Question

Let f and g be two function defined by \(f(x) =   \begin{cases}     x+1       & \quad x<0\\    |x-1|,   & \quad x \geq0   \end{cases}\) and g(x) = \(f(n) =   \begin{cases}     x+1,       & \quad x<0 \\     1,  & \quad x\geq0   \end{cases}\) Then (gof)(x) is 

• A. Continuous everywhere but not differentiable at x = 1
• B. Continuous everywhere but not differentiable exactly at one point
• C. not continuous at x = – 1
• D. differentiable everywhere

Answer 1

The Correct Option is B

To find the behavior of the composition of functions \( (g \circ f)(x) \), we need to first understand the individual behaviors of \( f(x) \) and \( g(x) \).

Function Definitions

• \(f(x) = \begin{cases} x + 1, & \quad x < 0 \\ |x - 1|, & \quad x \geq 0 \end{cases}\) 
• \(g(x) = \begin{cases} x+1, & \quad x < 0 \\ 1, & \quad x \geq 0 \end{cases}\)

Finding \( f(x) \)

Let us examine \( f(x) \):

• For \( x < 0 \), \( f(x) = x + 1 \).
• For \( x \geq 0 \), \( f(x) = |x - 1| \), which evaluates to:
  • For \( x = 0, |0-1| = 1 \)
  • For \( x = 1, |1-1| = 0 \)
  • For \( x > 1, |x-1| = x - 1 \)

Finding \( g(f(x)) \)

Now, evaluate \( g(f(x)) \) by plugging \( f(x) \) into \( g(x) \):

• For \( x < 0 \), \( f(x) = x + 1 \).

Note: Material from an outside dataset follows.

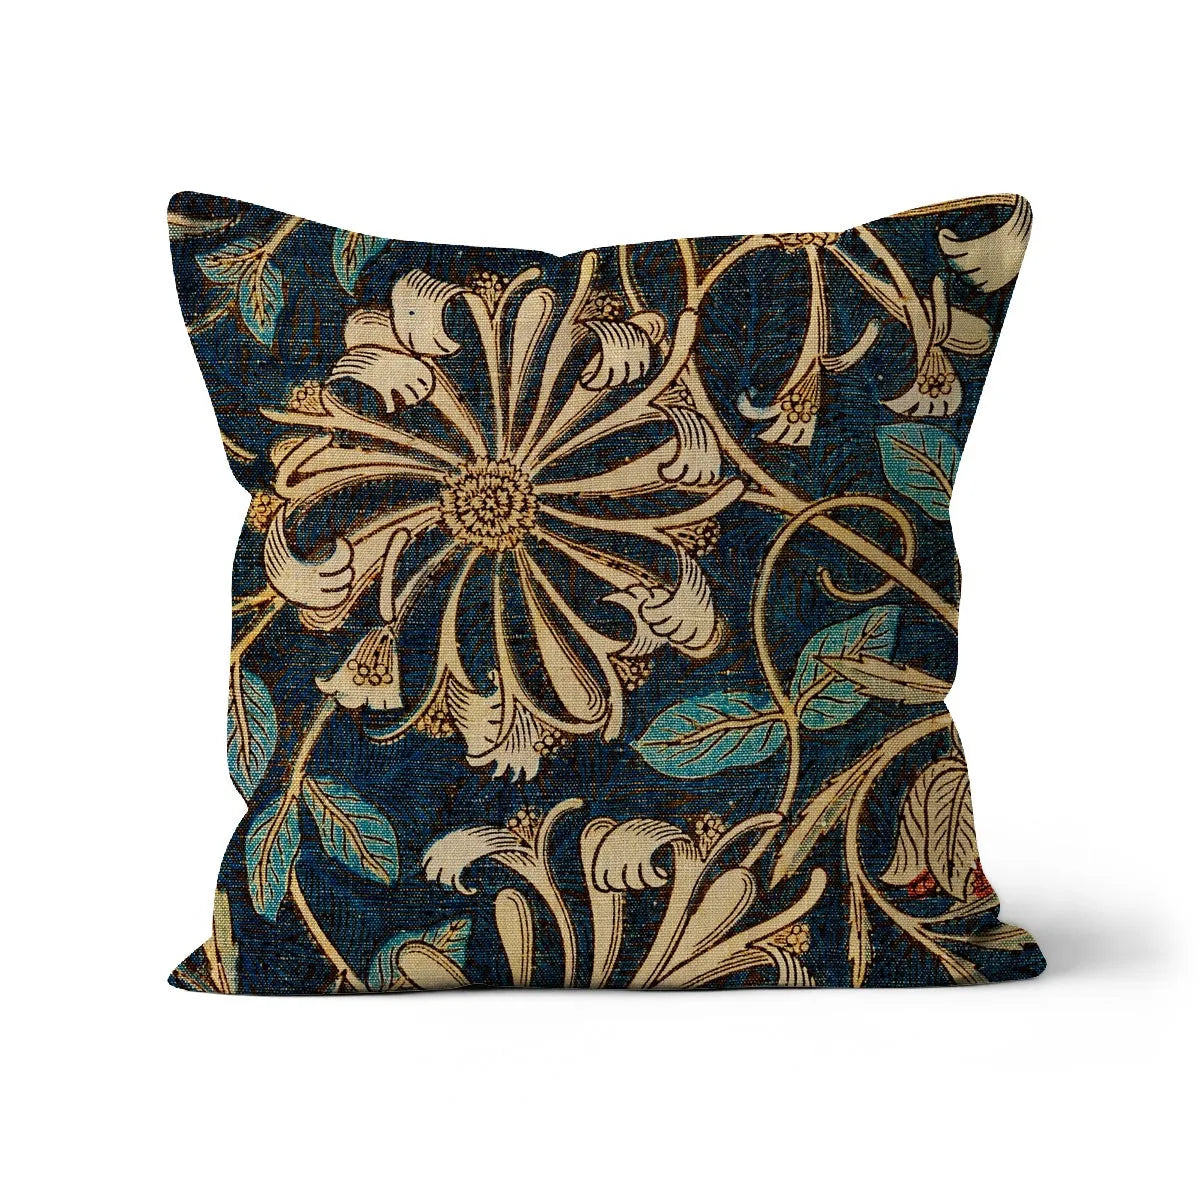 Honeysuckle 3 - William Morris Cushion - Decorative Throw Pillow - Linen / 18’x18’ - Throw Pillows - Aesthetic Art

Since \( x + 1 < 0 \), \( g(x+1) = x + 2 \).
• For \( x = 0 \), \( f(0) = 1 \), \( g(1) = 1 \).
• For \( x = 1 \), \( f(1) = 0 \), \( g(0) = 1 \).
• For \( x > 1 \), \( f(x) = x - 1 \).
  • Since \( x - 1 \geq 0 \), \( g(x-1) = 1 \).

Behavior of \( (g \circ f)(x) \)

We need to analyze the continuity and differentiability of \( g(f(x)) \):

• Continuous at all points implies no jump discontinuities. Since both \( f(x) \) and \( g(x) \) are piecewise continuous, \( g(f(x)) \) is continuous everywhere.
• For differentiability, note that generally, a function composed with absolute values like \( |x| \) or piecewise defined as in \( f(x) \), can introduce points of non-differentiability. Here, this occurs because at \( x = 1 \), the composition changes form, having a potential sharp turn or cusp.

Conclusion

Thus, from the analysis, we confirm:

• \( (g \circ f)(x) \) is continuous everywhere.
• It is not differentiable exactly at one point, which is x = 1, where there is a change in derivative behavior due to the absolute value involved.

Thus, the correct answer is: Continuous everywhere but not differentiable exactly at one point.